General Robert E. Lee was, in my estimation, one of the supremely gifted men produced by our Nation. He believed unswervingly in the Constitutional validity of his cause which until 1865 was still an arguable question in America; he was a poised and inspiring leader, true to the high trust reposed in him by millions of his fellow citizens; he was thoughtful yet demanding of his officers and men, forbearing with captured enemies but ingenious, unrelenting and personally courageous in battle, and never disheartened by a reverse or obstacle. Through all his many trials, he remained selfless almost to a fault and unfailing in his faith in God. Taken altogether, he was noble as a leader and as a man, and unsullied as I read the pages of our history.

 

From deep conviction, I simply say this: a nation of men of Lee's caliber would be unconquerable in spirit and soul. Indeed, to the degree that present-day American youth will strive to emulate his rare qualities, including his devotion to this land as revealed in his painstaking efforts to help heal the Nation's wounds once the bitter struggle was over, will be strengthened and our love of freedom sustained.

 

Such are the reasons that I proudly display the picture of this great American on my office wall.

 

Sincerely,
Dwight D. Eisenhower20

 

Robert E. Lee, oil on canvas, by Edward Calledon Bruce, 1865.
Robert E. Lee, oil on canvas, by Edward Calledon Bruce, 1865.
 

Seidule said people who use "War Between the States" as Gen. Eisenhower did, as I do, and as millions of others do, don't believe in equality; so I guess, yet again, Seidule is wrong.

 

NOTES:

 

1 Hamilton College appears to be a charming, small liberal arts college founded in 1793 and named for Alexander Hamilton who was on the first Board of Trustees when it was Hamilton-Oneida Academy.

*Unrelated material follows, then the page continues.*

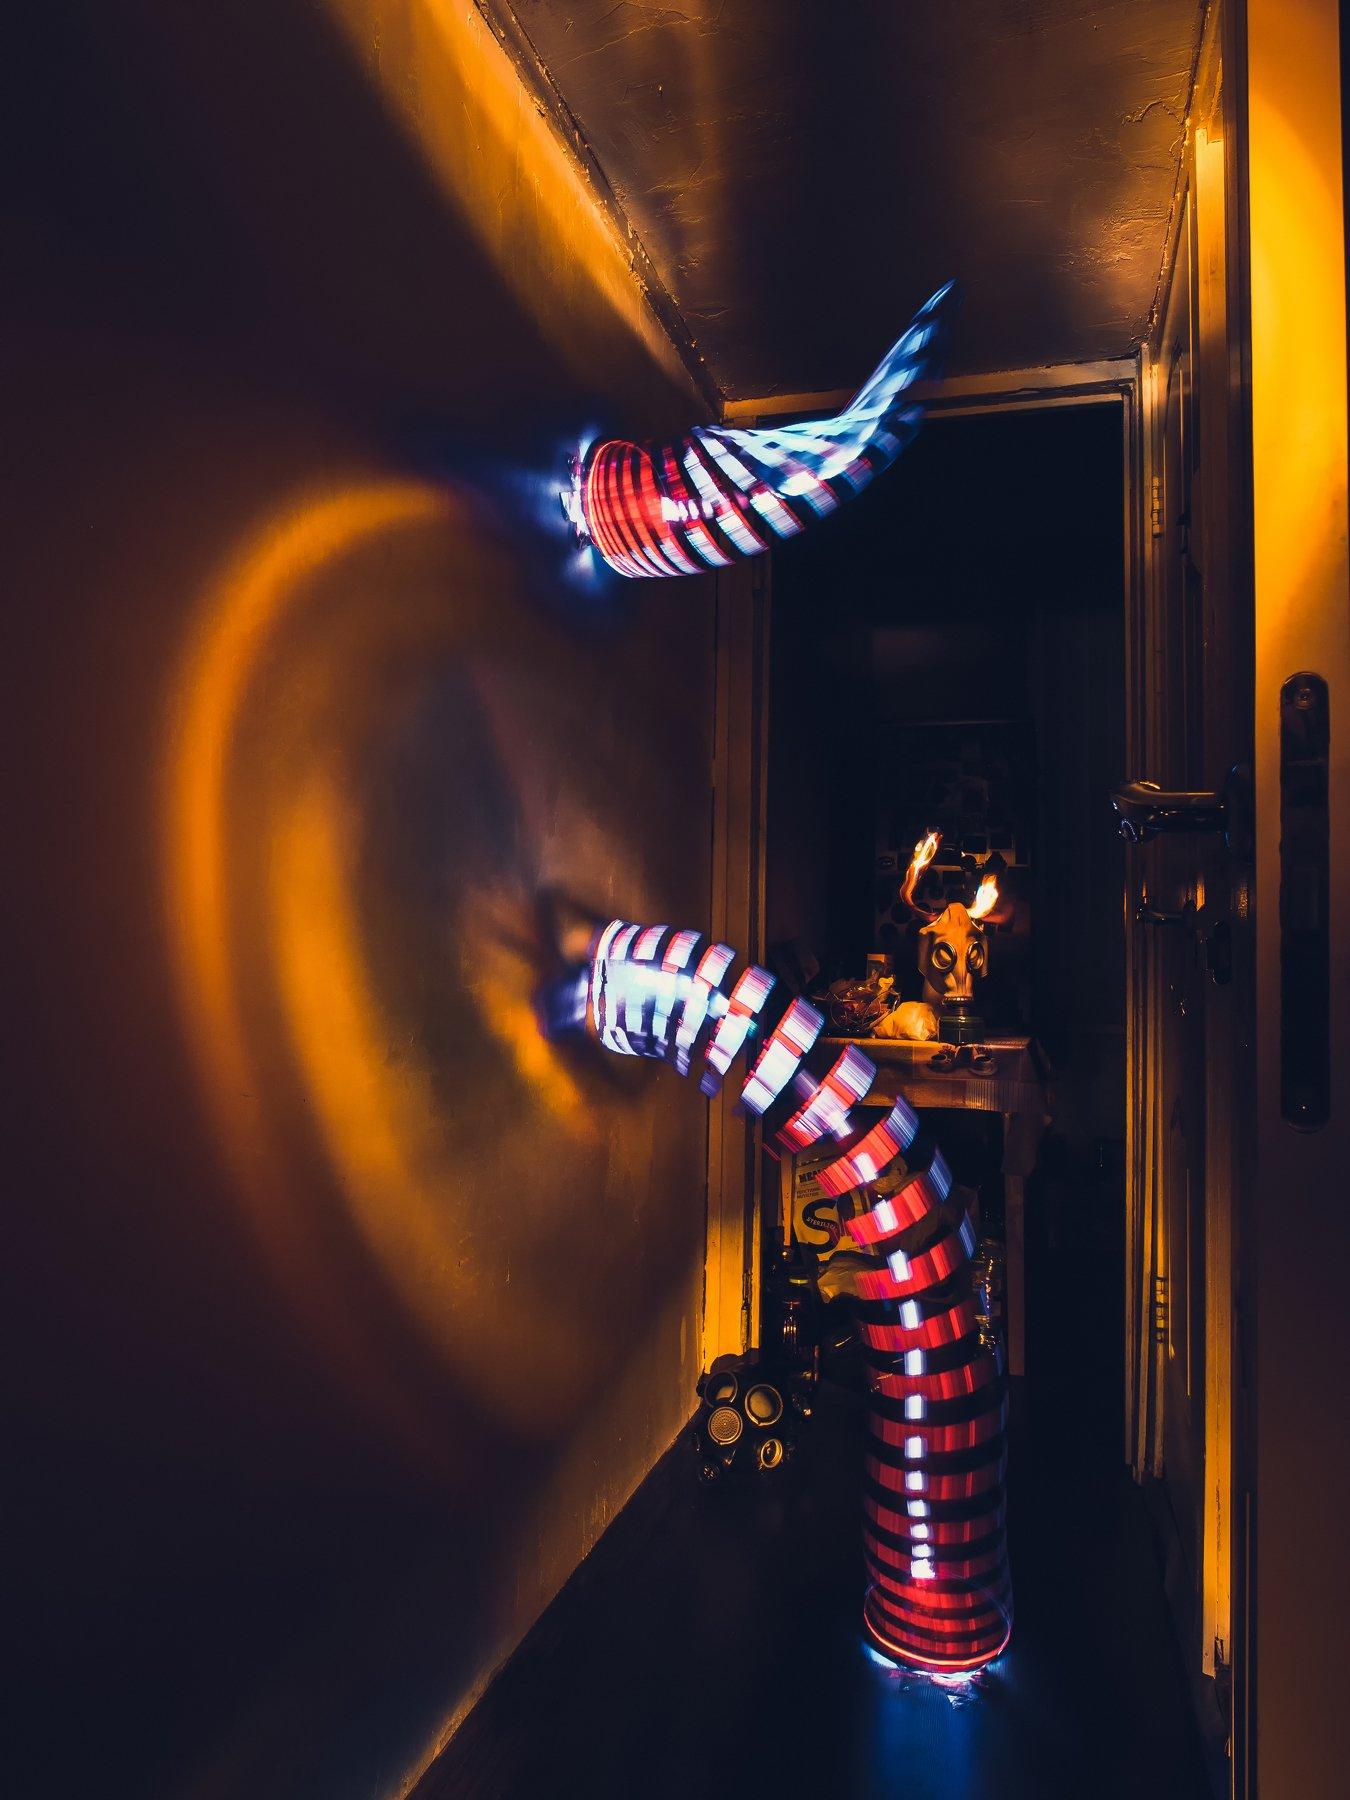 lightpainting lightart longexposure nightphotography light night lightblade, Требухин Николай

Hamilton.edu, accessed 3-22-21.

 

2 Dr. Reynolds also taught at the University of Maine, and was History Departmental Chair at the College of Charleston (SC). Among his books are Command of the Sea: The History and Strategy of Maritime Empires; Navies in History; History and the Sea; The Fast Carriers: The Forging of an Air Navy; and On the Warpath in the Pacific: Admiral Jocko Clark and the Fast Carrier. His complete bio is at www.WorldHistory101-102.com. Also see https://en.wikipedia.org/wiki/Clark_G._Reynolds.

 

3 Ty Seidule, Robert E. Lee and Me, A Southerner's Reckoning with the Myth of the Lost Cause (New York: St. Martin's Press, 2020), 1. Seidule did not capitalize "southern" in his quotation. I always capitalize it and Northern, as well as North and South, which are obviously proper names that should be capitalized.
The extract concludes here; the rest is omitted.